彼时,卫瑜然正看到小桃花在绣一块布,问她:“你在绣什么?”
小桃花给她看自己绣得七扭八扭的荷包,“是荷包。”
卫瑜然:“你绣荷包做什么?有心上人了?”
小桃花面色涨红,“哪有。”
绿樱站一旁解释:“是小亳同她说,遥州城内有个手工作坊,专收绣娘绣的一些荷包,他可以帮忙联络那位老板。”
小亳是营寨里的伙夫,专门负责采购军中的粮食物资。
“绣娘?荷包?”卫瑜然讶异,“此事当真?”
绿樱点头:“奴婢之前买蜜饯果子时,恰好路过那个手工作坊,老板确实在收绣娘的荷包。”
卫瑜然:“多少钱收?”
绿樱想了想:“几文到上百文不等,绣技越好,价格越高。”
卫瑜然琢磨了一下,倒也不反对她们赚点小钱,她们平日在营寨里没什么事可干。
只是她想知道自己绣出来的荷包能卖多少钱,若是有个几十文,也不错,她就能靠绣荷包给自己挣钱了。
如此一想,卫瑜然便让绿樱去准备,她也打算绣点拿去卖。
绿樱诧异:“二少奶奶,你也想?”
“人怎么会嫌钱多呢。”更何况只要一日领着周枭给她的月钱,她就得一日在周枭面前伏低做小。
她已经开始有些厌烦这种日子了。
绿樱前去给她准备针线,卫瑜然绣技还算不错,荷包很快便起了个形,正垂眸细致地绣出想要的花纹。
绿樱在一旁看着,忽地看到门口正走过来一道人影,她忙上前作揖:“爷,你怎么过来了?”
“我来找卫娘。”周枭本想叫退绿樱,但想到田镇说的第三点,又硬生生放下手,让她在一旁候着。
大步走向卫瑜然,“卫娘,你在做什么?”
卫瑜然听到他声音就来气,昨日之事还历历在目,当他不存在似的,继续绣手中的荷包。
周枭见她对自己不理不睬,心里知道她还在生自己的气,干脆坐在她面前看她绣。
“这是荷包?”
周枭看到上面的花纹,想到她先前帮自己缝补的衣服,几乎看不出有被人缝补过的痕迹,说明她绣技上佳。
“卫娘,我正好缺一个荷包,你能不能绣一个给我?”
卫瑜然有些恼:“你自己去买,外面多的是。”
周枭:“外面再好看,也比不上卫娘的心意。”
卫瑜然看到绿樱抿嘴的嘴角,显然她听到了,更气恼了,“我不会给你绣的。”
说着,她想把东西拿回卧房里绣,省得这个人在自己面前晃悠,然而刚绣最后一针时,一不小心刺到了自己的指腹。
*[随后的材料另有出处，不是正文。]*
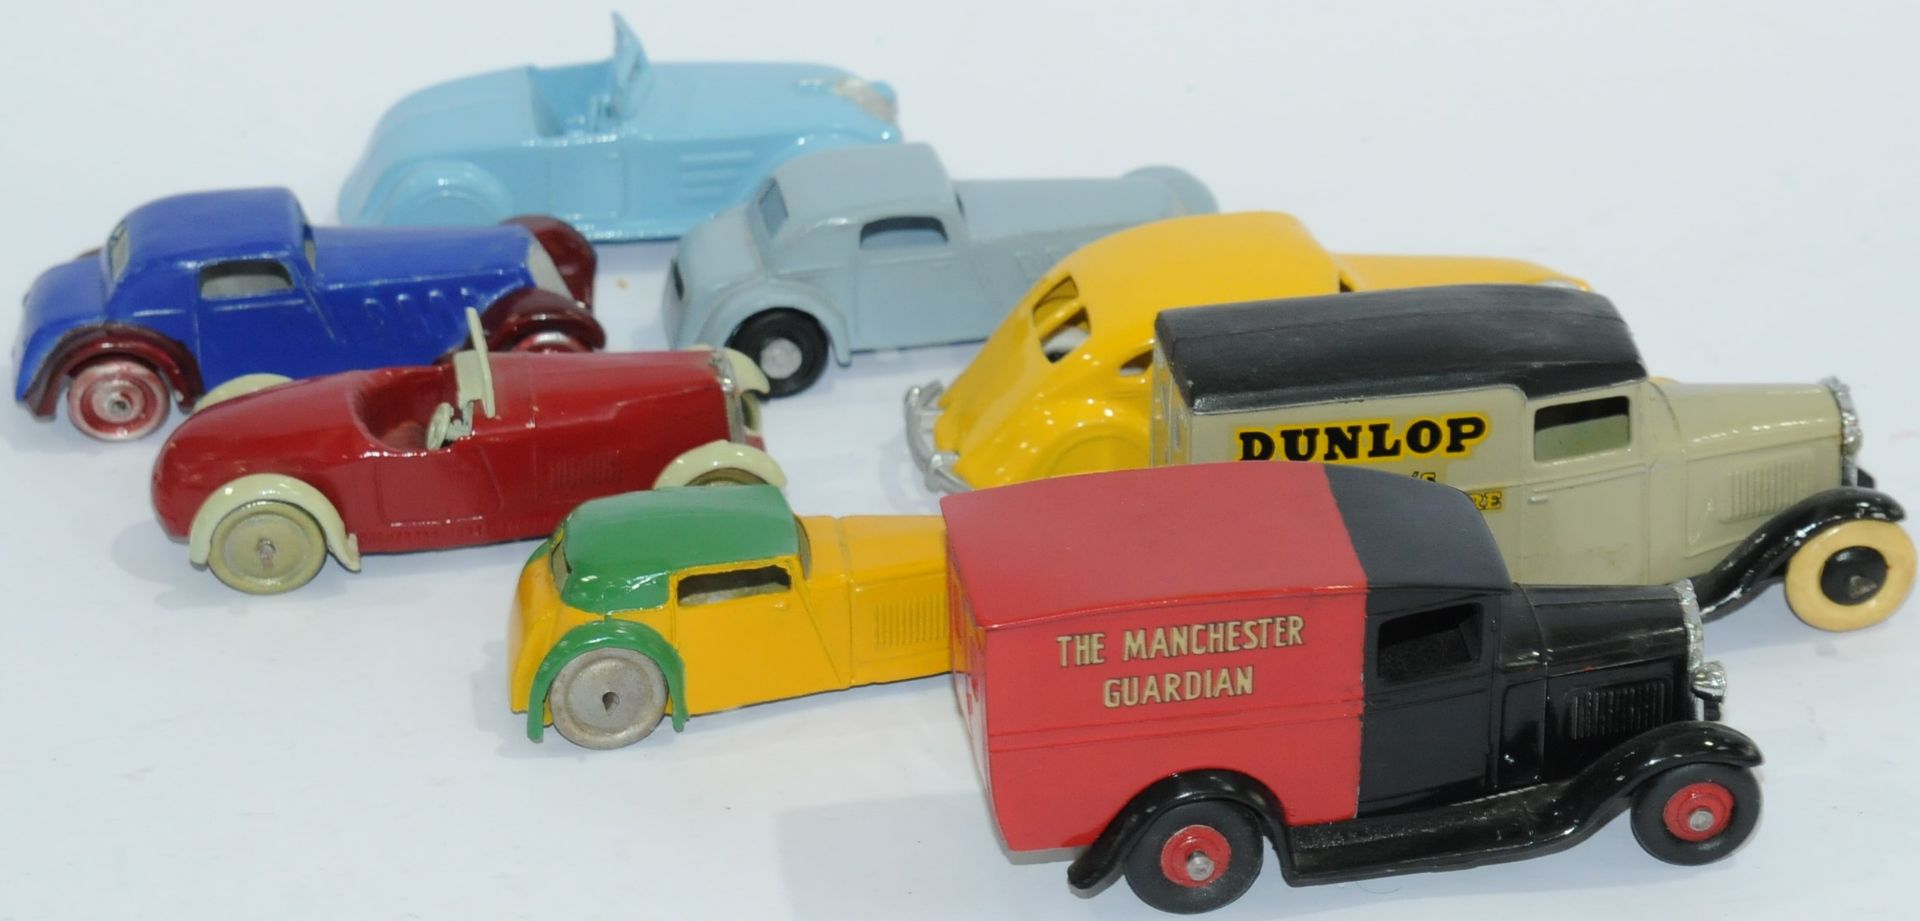 DG models or Simliar an unboxed group of classic cars and vans - Image 2 of 2

她吃痛松手,指尖很快就冒出了血滴,她还没反应过来,手腕忽然被人拽过去,紧接着便被人含在嘴里。
卫瑜然和绿樱都睁大了双眸。
“你快放开我!”卫瑜然先反应过来还有外人在,想要把手抽回来,然而自己的手在周枭面前就跟蚍蜉撼树一样,动弹不得,面色越发涨红,不得已她赶紧喊绿樱下去。
绿樱前脚一走,周枭几乎同时放开她手,但手腕没有放开。
他检查了一番指腹没有再冒出血滴,这才看向卫娘细盈盈的手腕,空荡荡的,没有饰品。
“你快放开我!”卫瑜然和他隔着一张矮桌,挣又挣脱不开,“周枭!”
“我今日是来给你赔礼道歉的。”周枭从怀中掏出一个玉镯,戴到她手腕上,这才把人放开。
卫瑜然好不容易恢复自由,看到手腕上的玉镯,愣了下。
“这个玉镯我今日挑了很久,觉得很适合你。”周枭叹了口气,“昨日我做的不对,不应当在马背上那样对你。”
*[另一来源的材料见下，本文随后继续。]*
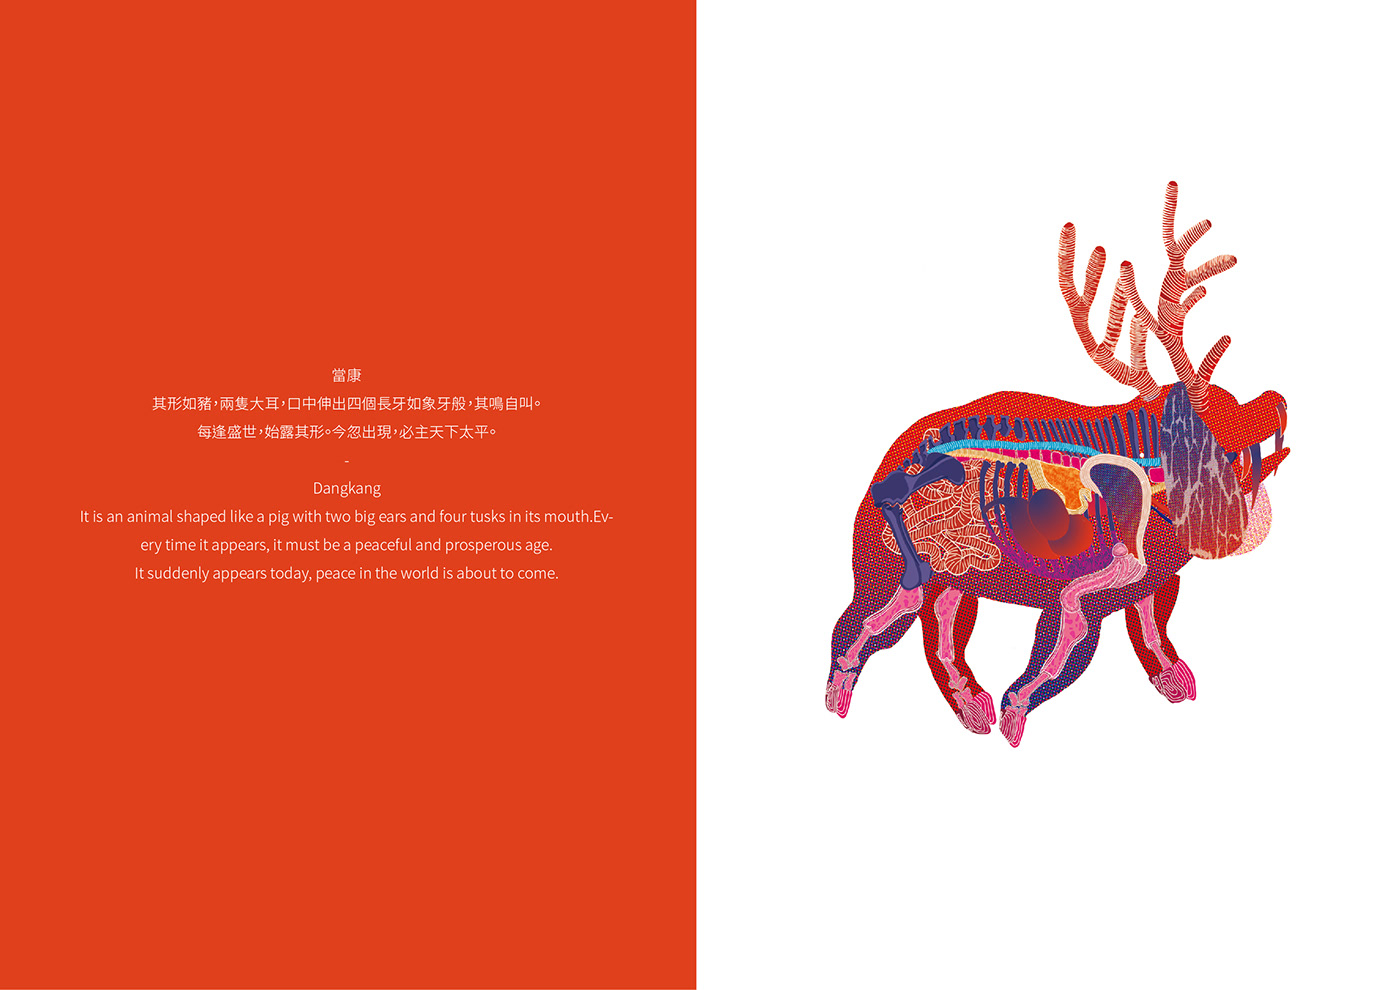 Bookdesign chinese Chinesedesign design graphic Illustrator Chinese style

卫瑜然想到昨日的事,这个男人的牙印现在还在她脖子上,虽然说已经不怎么明显,但那份亵玩却是真的。
一想到他带自己出去散心还亵玩自己,一股气淤积心中,想也没想就想把手腕上的玉镯摘下。
眼见她就要摘下,周枭再次握住她手腕,“你在做什么?”
卫瑜然盯着他,一字一句道:“我不需要,大哥送给别的娘子吧。”
这女人知道怎么气他的,周枭又被她三言两语挑起了火气,“你再说一次?”
卫瑜然也是倔强:“我不需要,大哥送给别的娘子吧。”
周枭深呼吸:“卫瑜然,你是我的女人,我给你送镯子,你为何不要?”
卫瑜然讽刺回去:“你给,我就一定得收下吗?”
这跟当初要给她送胭脂水粉的钱骆通有何区别?
周枭被她怼得哑口无言,卫瑜然垂眸继续摘,然而不知是不是皓白手腕太过晃眼,还是那手镯正被摘下来时太伤人心,卫瑜然忽然被人压至地板上。
矮桌和针线都在一旁。
皓腕随着摔落而从宽袖露出,下意识抵着周枭硬邦邦的胸膛。
“你心里是不是还想着他?”
“周枭,你放开我!”卫瑜然花容失色,柳眉死死皱着,看着身上愠怒的男人,使劲挣扎。
周枭冷冷盯着她:“周贯聿已经死了。”
这几个字犹如一支箭贯穿心脏,卫瑜然瞬间安静下来,眼前闪过周贯聿被送回来的冷冰冰尸体,双唇褪去血色,一股哀痛传遍四肢百骸。
“你现在是我周枭的女人,你不准再想他。”
“凭什么?”卫瑜然不知不觉中已有了哽噎,夫君的死去依旧是她最大的伤痛,若不是夫君猝然离世,她根本不会沦落到这种地步。只能说天意弄人,非要拆散他们。
“凭什么我不能想他?”
周枭看到她泪水涟涟质问自己,为别的男人真情流露,那股不舒服又冒了出来,“为什么,你难道不知道为什么?”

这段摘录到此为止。